■ INPUT DATA
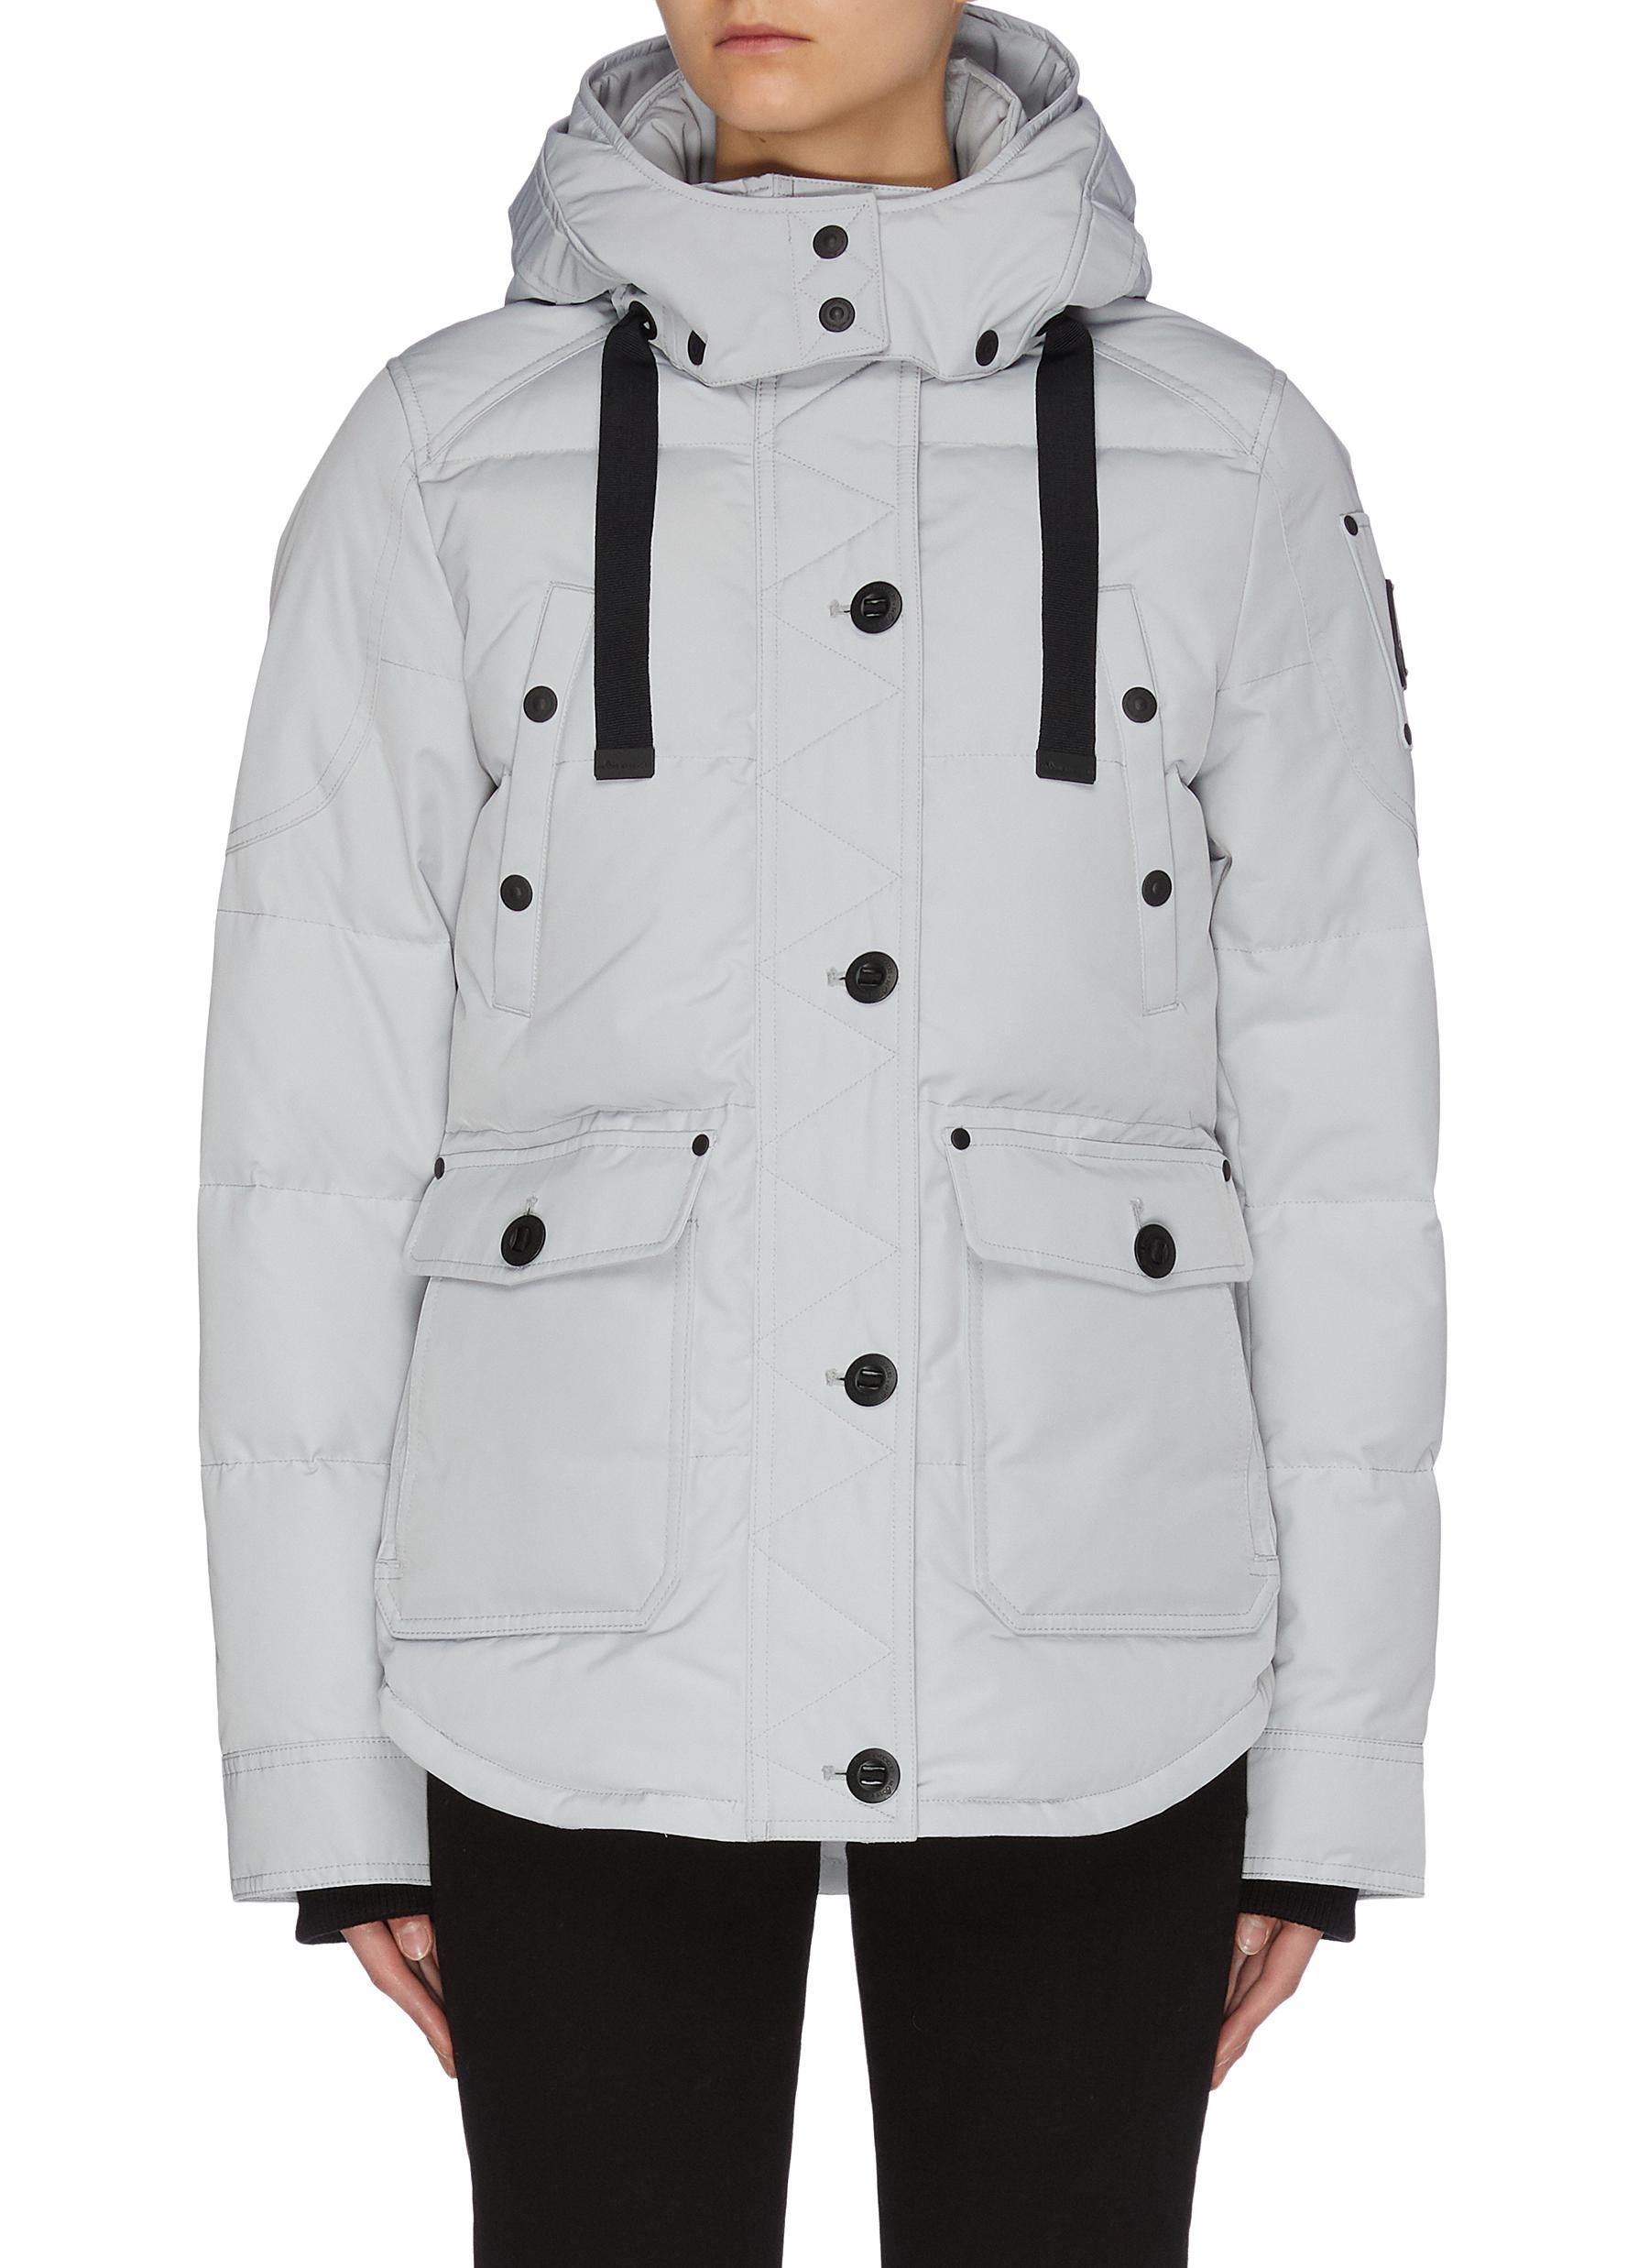 Buy Moose Knuckles Jackets 'Godbout' detachable hood down jacket
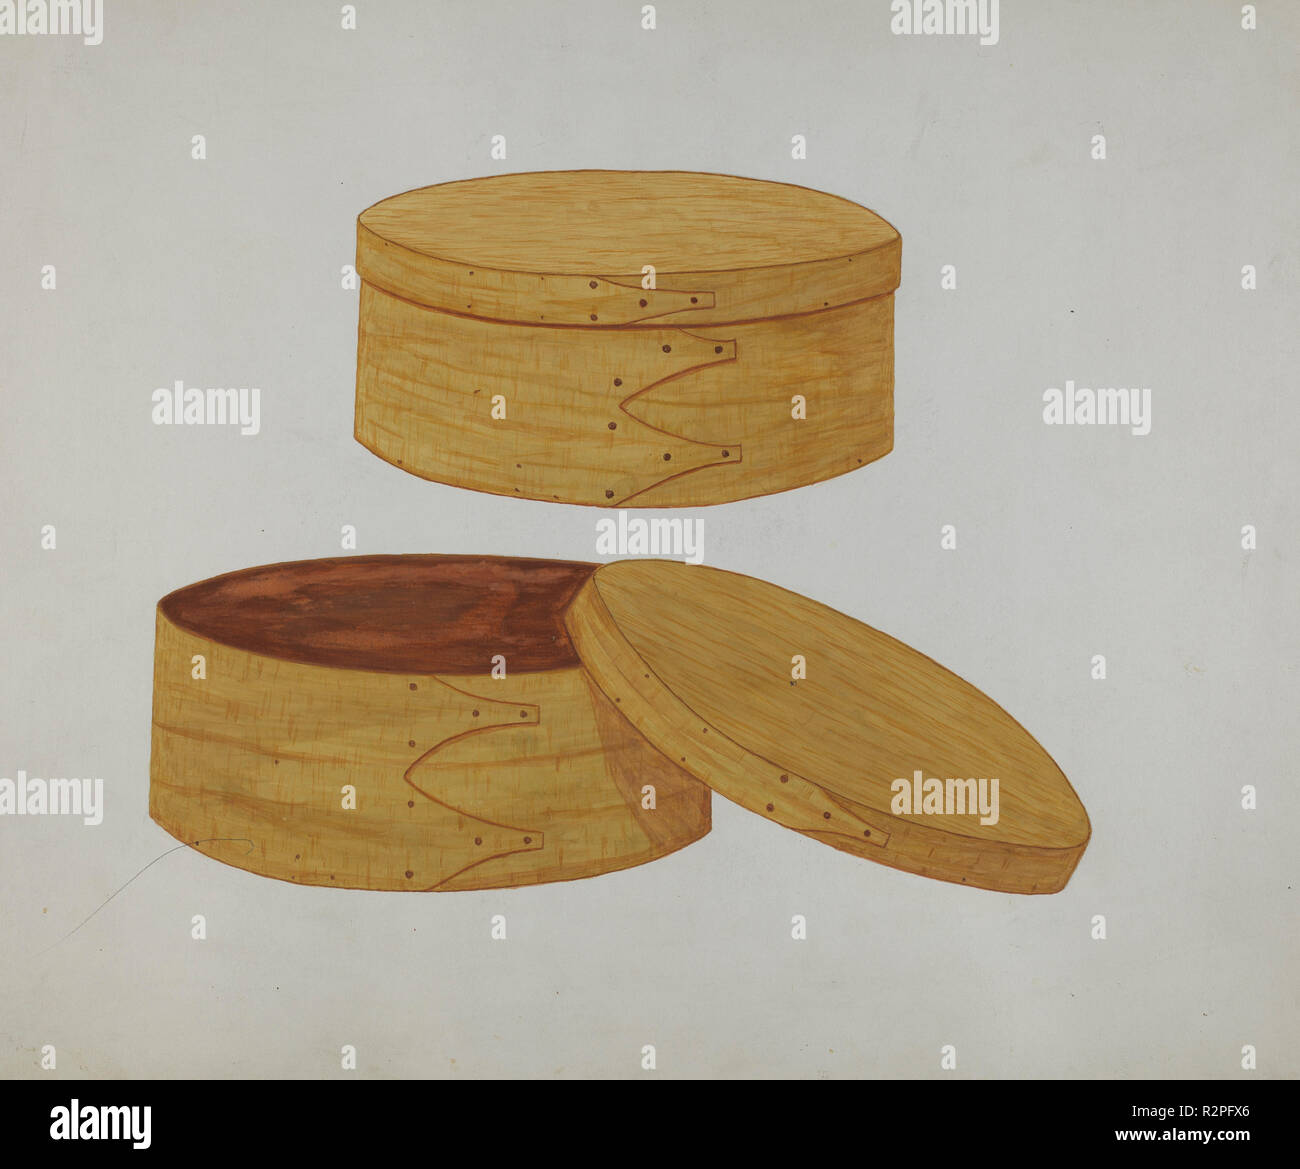 Lumber ramrods scene 2
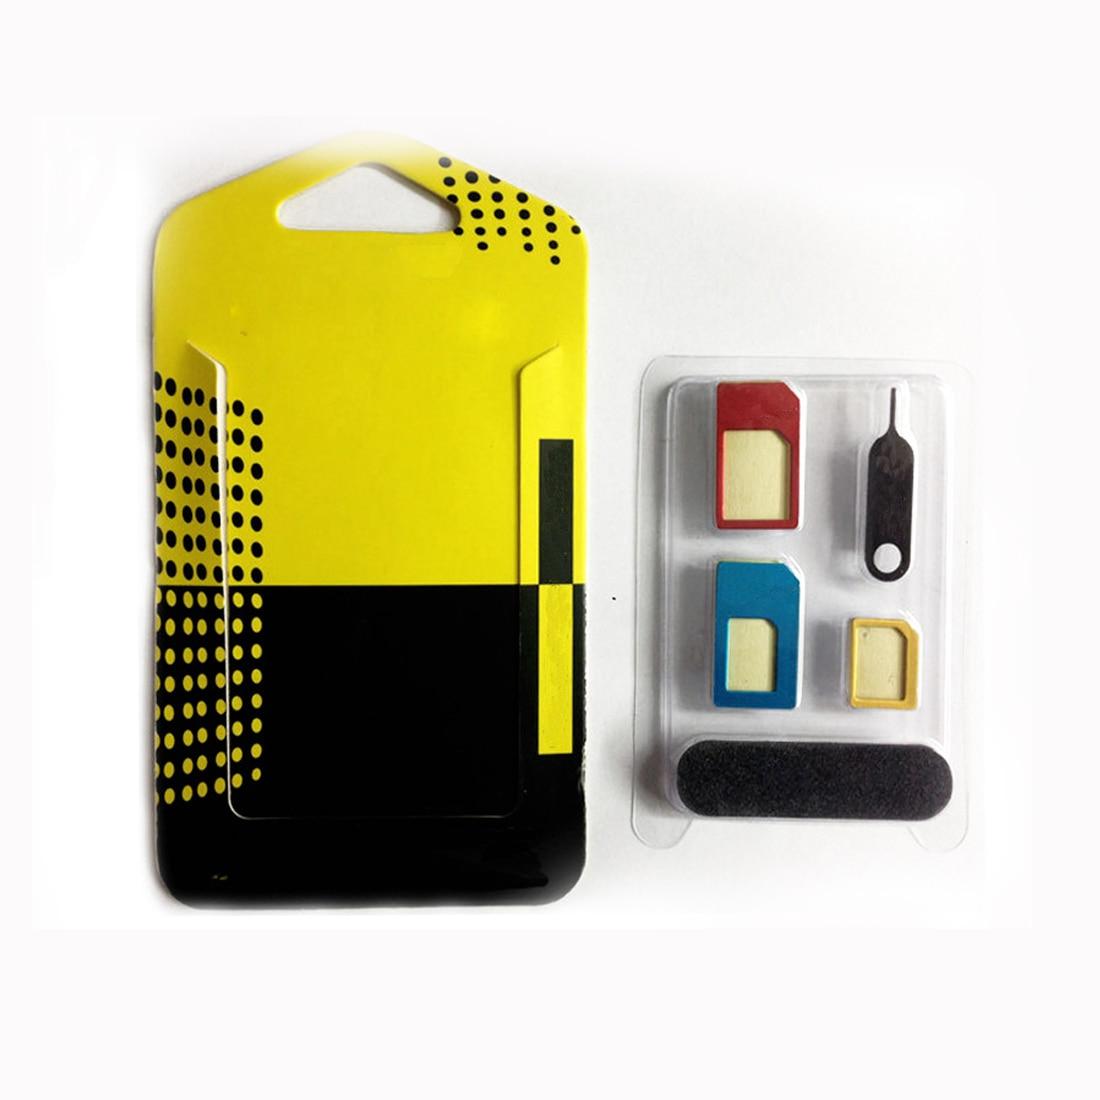 Etmakit 5 ב 1 ננו כרטיס סים מתאמים + רגיל ומייקרו Sim + תקן כרטיס ה-SIM & 5S 4S כלים עבור iPhone 4 5 5c 6 6 s תיבה הקמעונאי

■ PROBLEM STATEMENT
From the line containing "Lumber ramrods scene 2" down to the last line of the data, print every line exactly and nothing else. Pictures stay out of the copy.

■ ANSWER SPACE
 Lumber ramrods scene 2
 Etmakit 5 ב 1 ננו כרטיס סים מתאמים + רגיל ומייקרו Sim + תקן כרטיס ה-SIM & 5S 4S כלים עבור iPhone 4 5 5c 6 6 s תיבה הקמעונאי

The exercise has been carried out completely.